Certain accounting policies involve significant judgments and assumptions by us that have a material impact on the carrying value of certain assets and liabilities. We consider these accounting policies to be critical accounting policies. The judgment and assumptions we use are based on historical experience and other factors, which we believe to be reasonable under the circumstances. Because of the nature of the judgment and assumptions we make, actual results could differ from these judgments and estimates that could have a material impact on our carrying values of assets and liabilities and our results of operations.
11
We believe the allowance for loan losses is a critical accounting policy that requires the most significant judgment and estimates used in preparation of our consolidated financial statements. Refer to the portion of this discussion that addresses our allowance for loan losses for a description of our processes and methodology for determining our allowance for loan losses.

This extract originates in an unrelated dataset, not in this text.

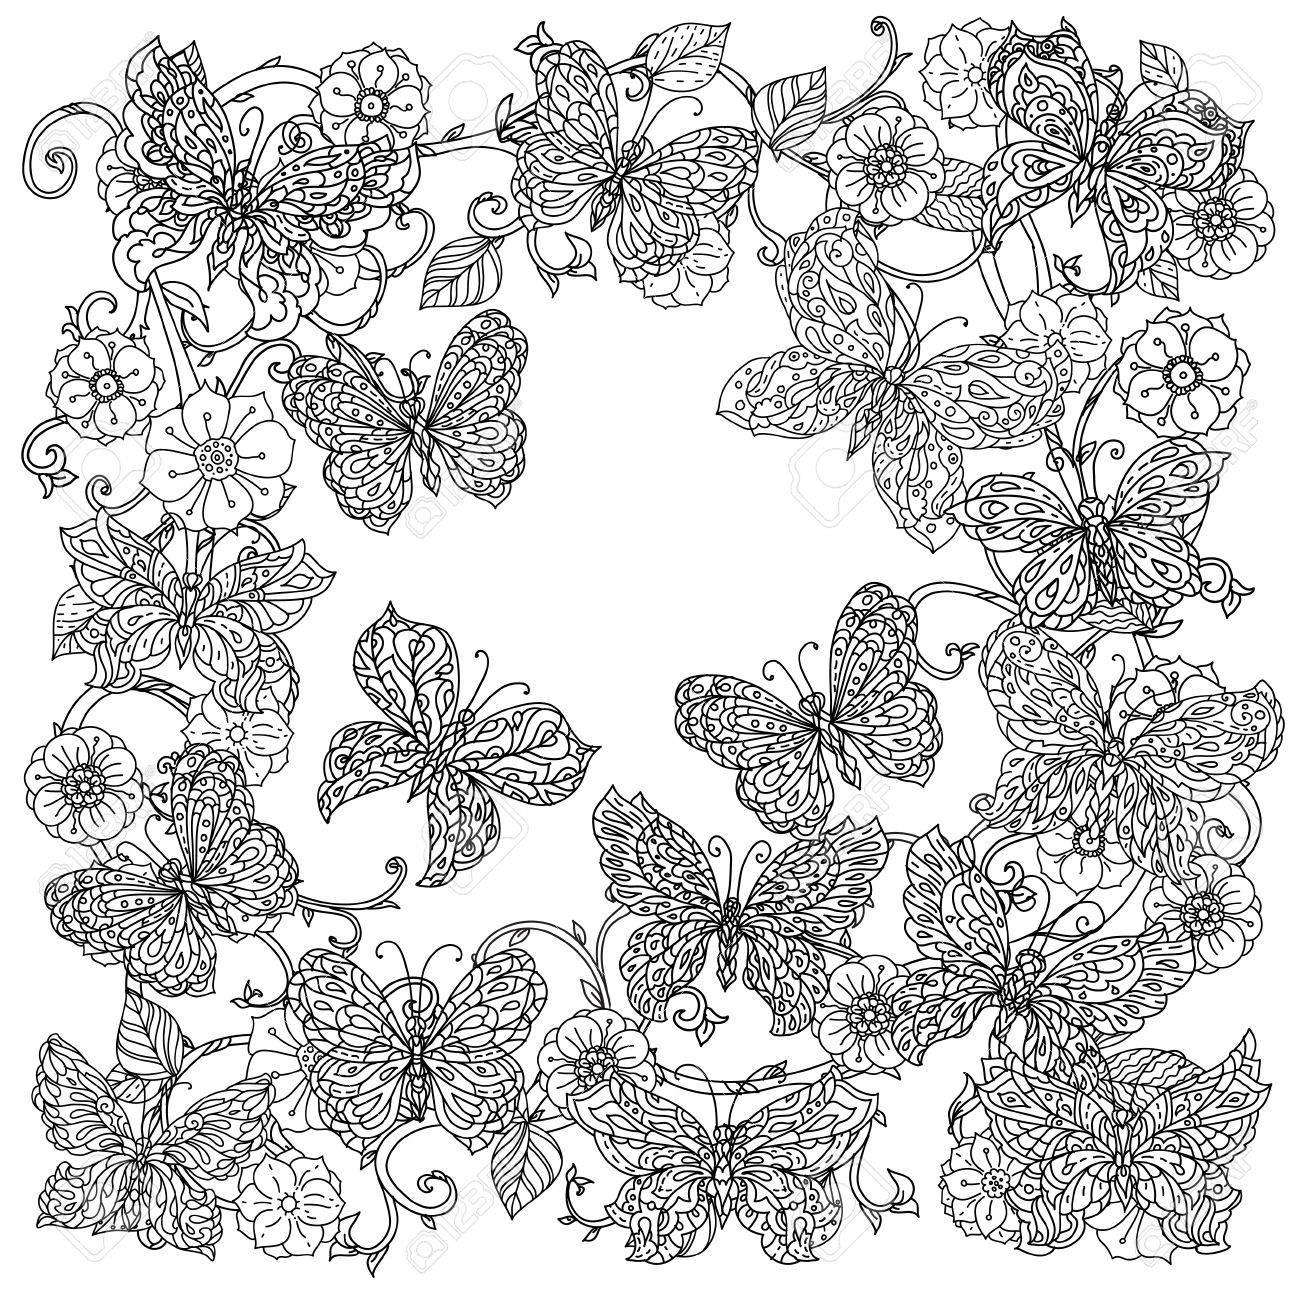 Sin Colorear Flores Y Mariposas Para Colorear De Adultos En El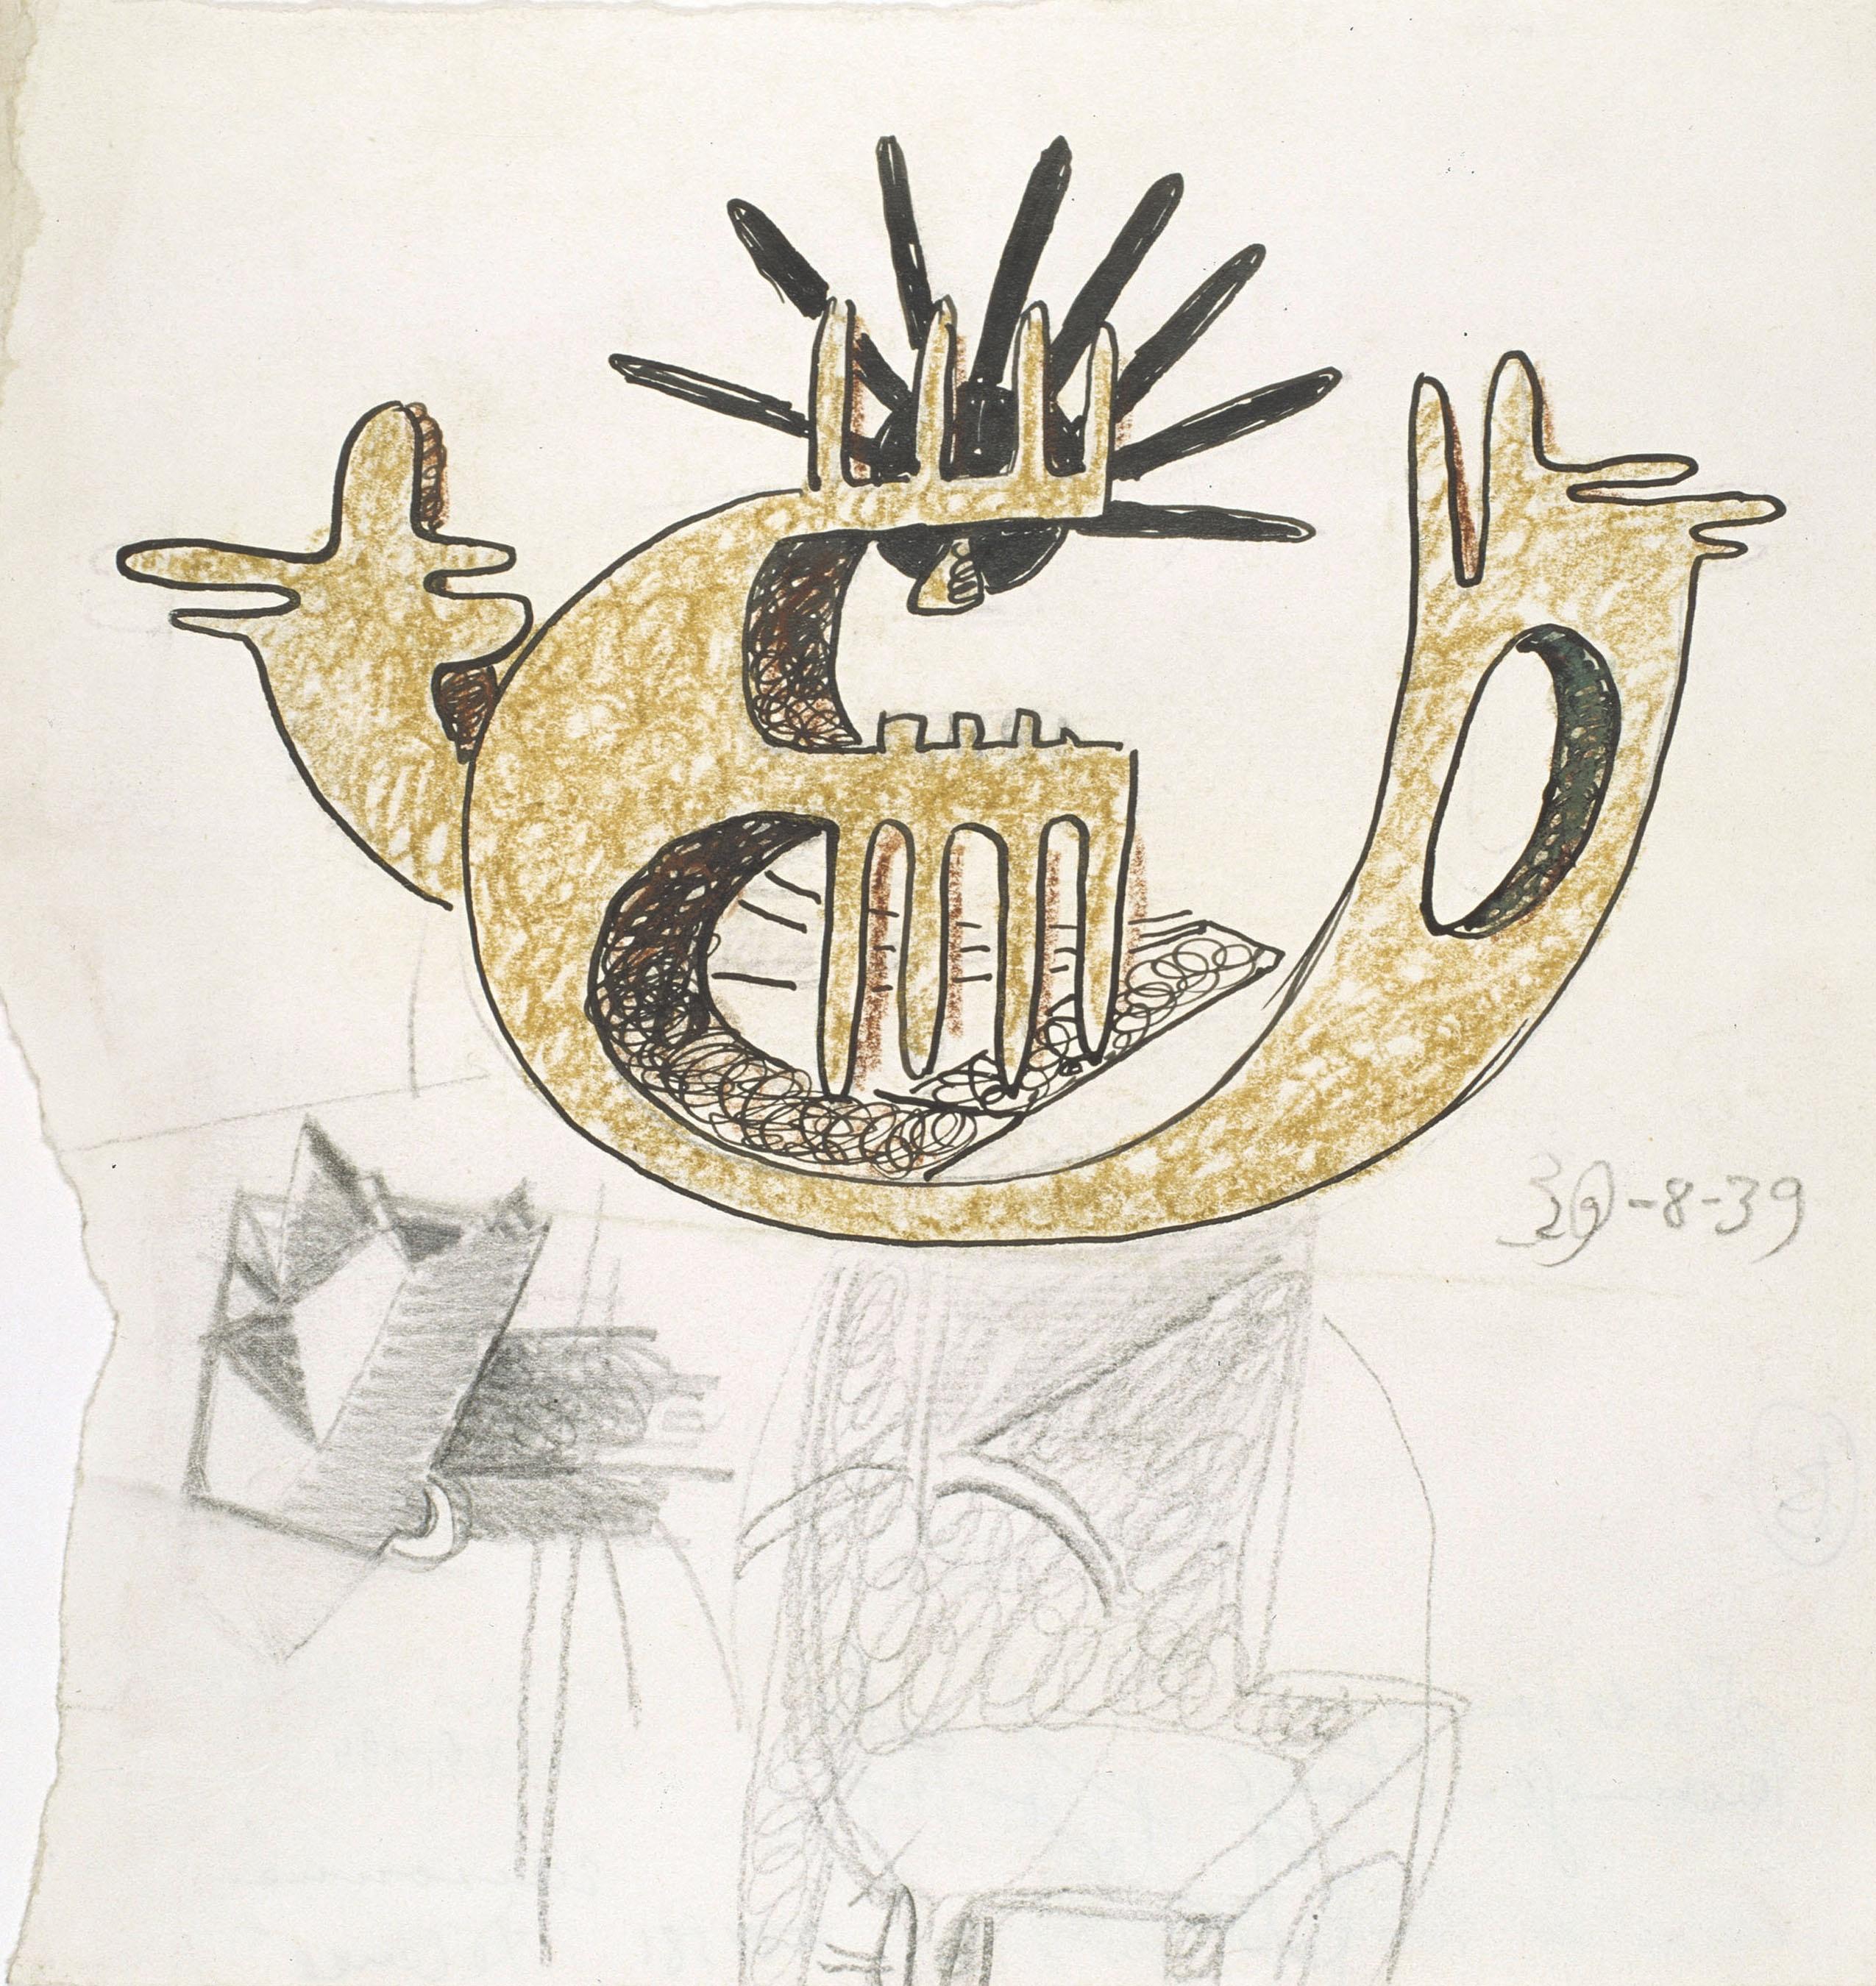 Juli González - Estudi per a personatge estrany (Étude pour personnage étrange) - 1939

The following is a discussion of our financial condition as of June 30, 2003 and the results of operations for the three months and six months ended June 30, 2003. These comments should be read in conjunction with our consolidated financial statements and accompanying consolidated footnotes appearing in this report. The significant accounting policies are described throughout the managements discussion section of this document.
During most of the last two and one-half years, the United States experienced a slowing economy following ten years of expansion. During this period, the economy was affected by lower returns and expectations of the stock markets. Economic data led the Federal Reserve to begin an aggressive program of rate cutting, which moved the Federal Funds rate down 11 times during 2001 for a total reduction of 475 basis points, bringing the Federal Funds rate to its lowest level in 40 years. During the fourth quarter of 2002, the Federal Reserve adjusted the Federal Funds rate down an additional 50 basis points. At the end of the second quarter of 2003, the Federal Reserve again reduced Federal Funds rates by an additional 25 basis points. The total reduction during the last two and half years as been 550 basis points.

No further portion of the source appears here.